The qbrms Bayesian Workflow Coach
Introduction
Bayesian analysis can be intimidating. Choosing the right likelihood,
setting priors, and interpreting posterior distributions often requires
significant expertise.
The qbrms package includes an interactive
Bayesian Workflow Coach designed to guide you through
these steps. Instead of just fitting a model, the coach helps you make
decisions about your analysis structure.
Launching the Coach
You can launch the assistant directly from the R console:
library(qbrms)
model_workflow_addin()
Or, if you are using RStudio, navigate to the Addins
menu toolbar and select Bayesian Workflow Coach.
The 4-Stage Workflow
The add-in guides you through four distinct stages of analysis:
1. Data & Structure
- Load Data: Import
.csv,
.xlsx, .rds, or SPSS/Stata files, or select a
dataframe from your environment.
- Intelligent Advice: The coach scans your response
variable. Is it a proportion? A count? Positive continuous? It will
suggest appropriate families (e.g., Beta, Poisson,
Gamma) and warn you against common mistakes (like
log-transforming raw data manually).
- Random Effects: Automatically detects potential
grouping variables for Mixed Effects modeling.
2. Priors
- Elicitation: Instead of asking you for abstract
parameter values (like “sigma” or “lambda”), the coach asks for your
domain knowledge: “What is the expected mean outcome?” “What is
your uncertainty?”.
- Visual Check: It runs a Prior Predictive
Check instantly. You can see exactly what data your model
expects to generate before it sees your actual data. This
prevents the common error of setting impossible priors.
3. Fit & Compare
- Fit Multiple Candidates: You can select multiple
families (e.g., Gaussian vs Student-t) and fit them simultaneously.

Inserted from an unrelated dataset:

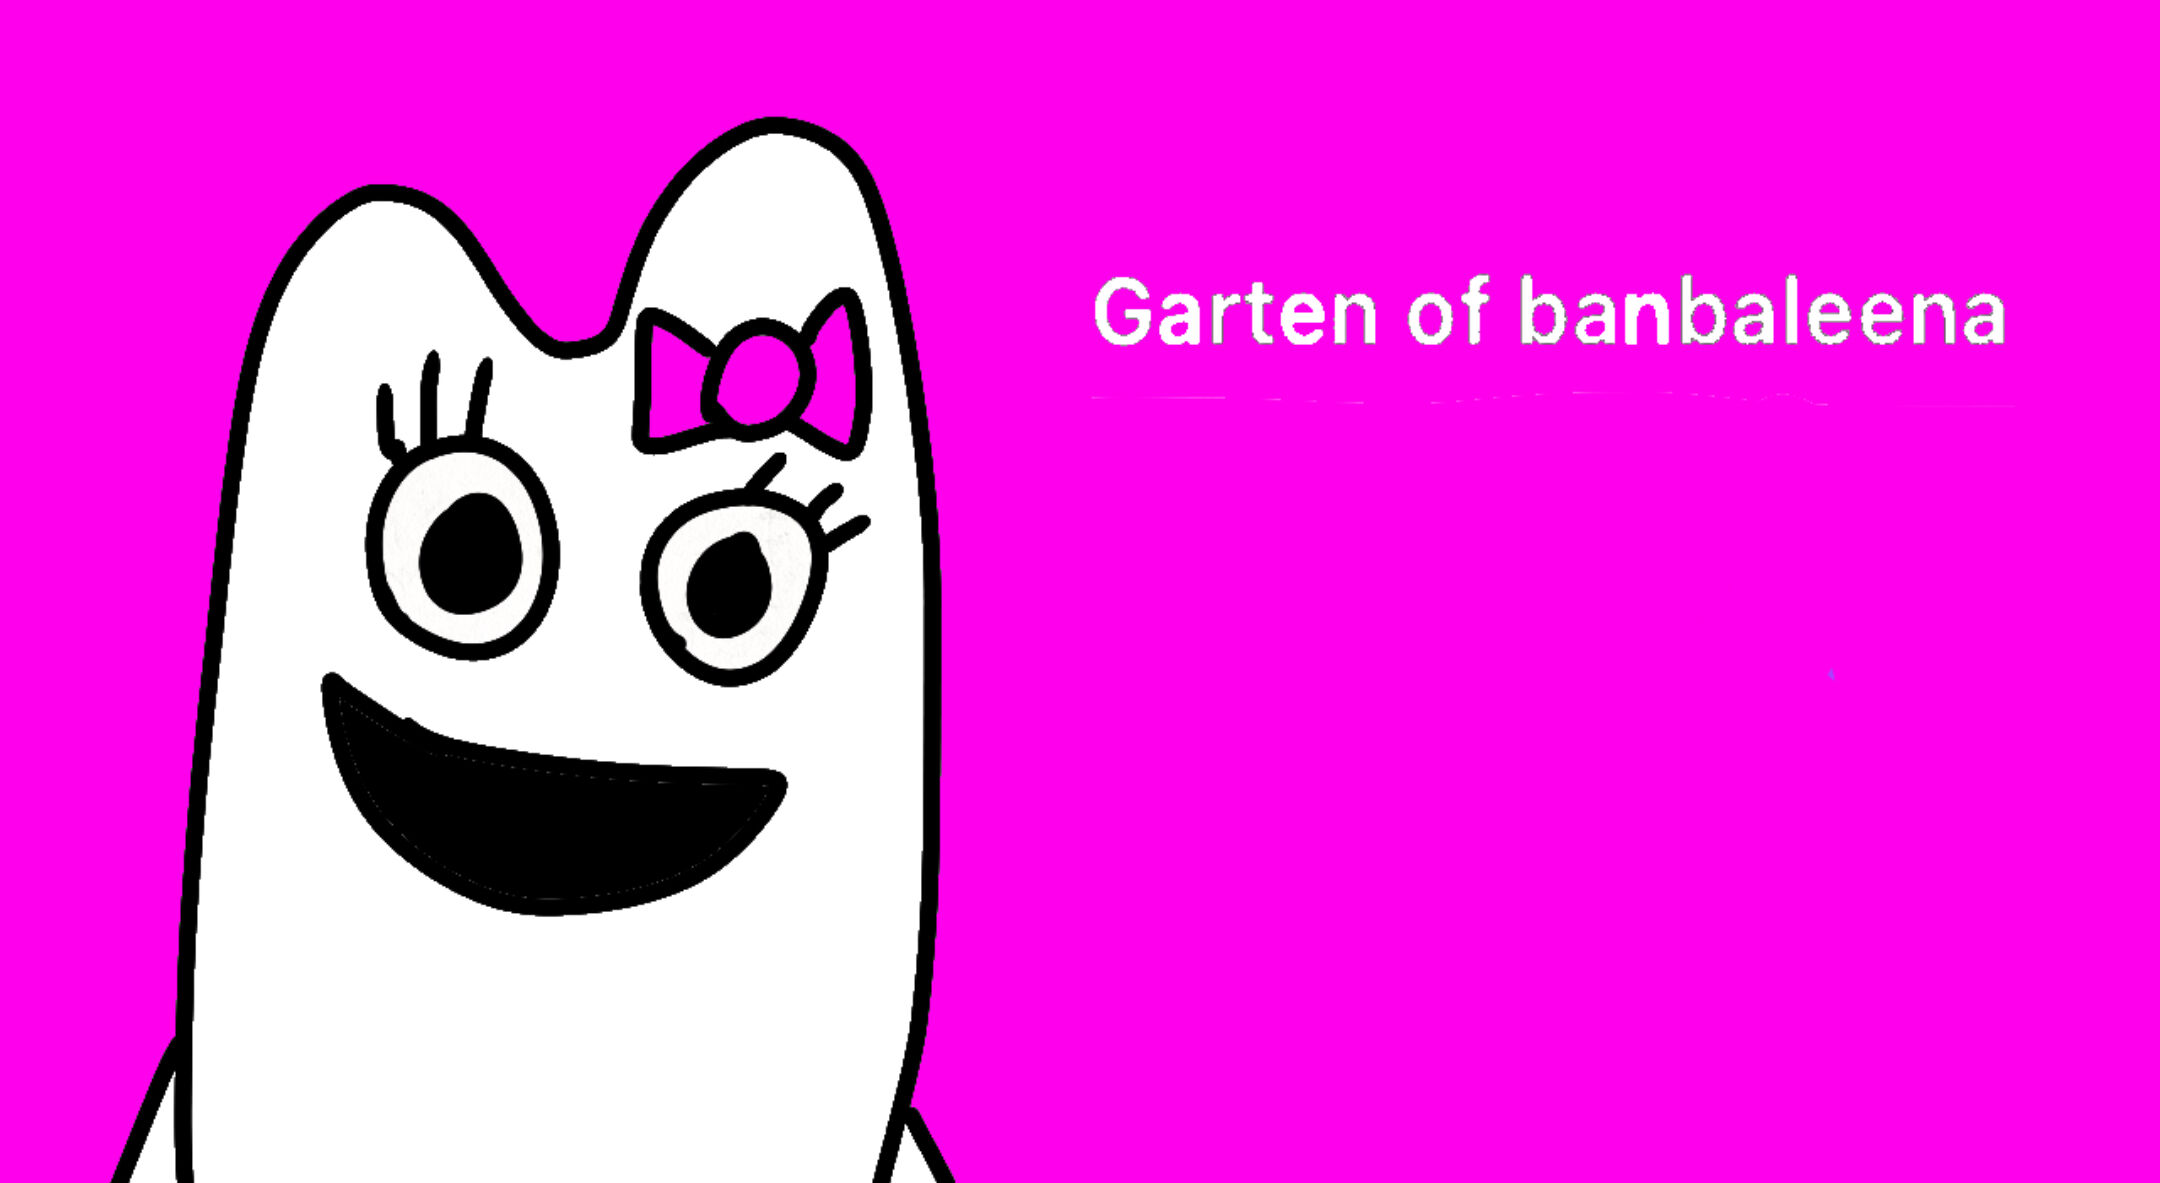 Robot Banbaleena, Garten of Banban Fanon Wiki

- Model Comparison: The coach uses LOO
(Leave-One-Out Cross-Validation) to compare models. It
interprets the results for you, explaining whether one model is
statistically superior to another based on the
elpd_diff.
4. Interpretation
Once the best model is selected, the coach provides tools to answer
your actual research questions:
- Estimated Marginal Means (EMMs): For understanding
group differences.
- Probability of Direction (pd): The probability that
an effect is strictly positive or negative.
- Practical Significance: Checks if the effect size
exceeds a specific threshold of practical utility (ROPE).
Reproducibility
The goal of qbrms is not just to fit models, but to
teach you how to write the code.
At the end of the workflow, clicking Insert Code
will write a complete, reproducible R script into your active document,
preserving every decision you made during the interactive session.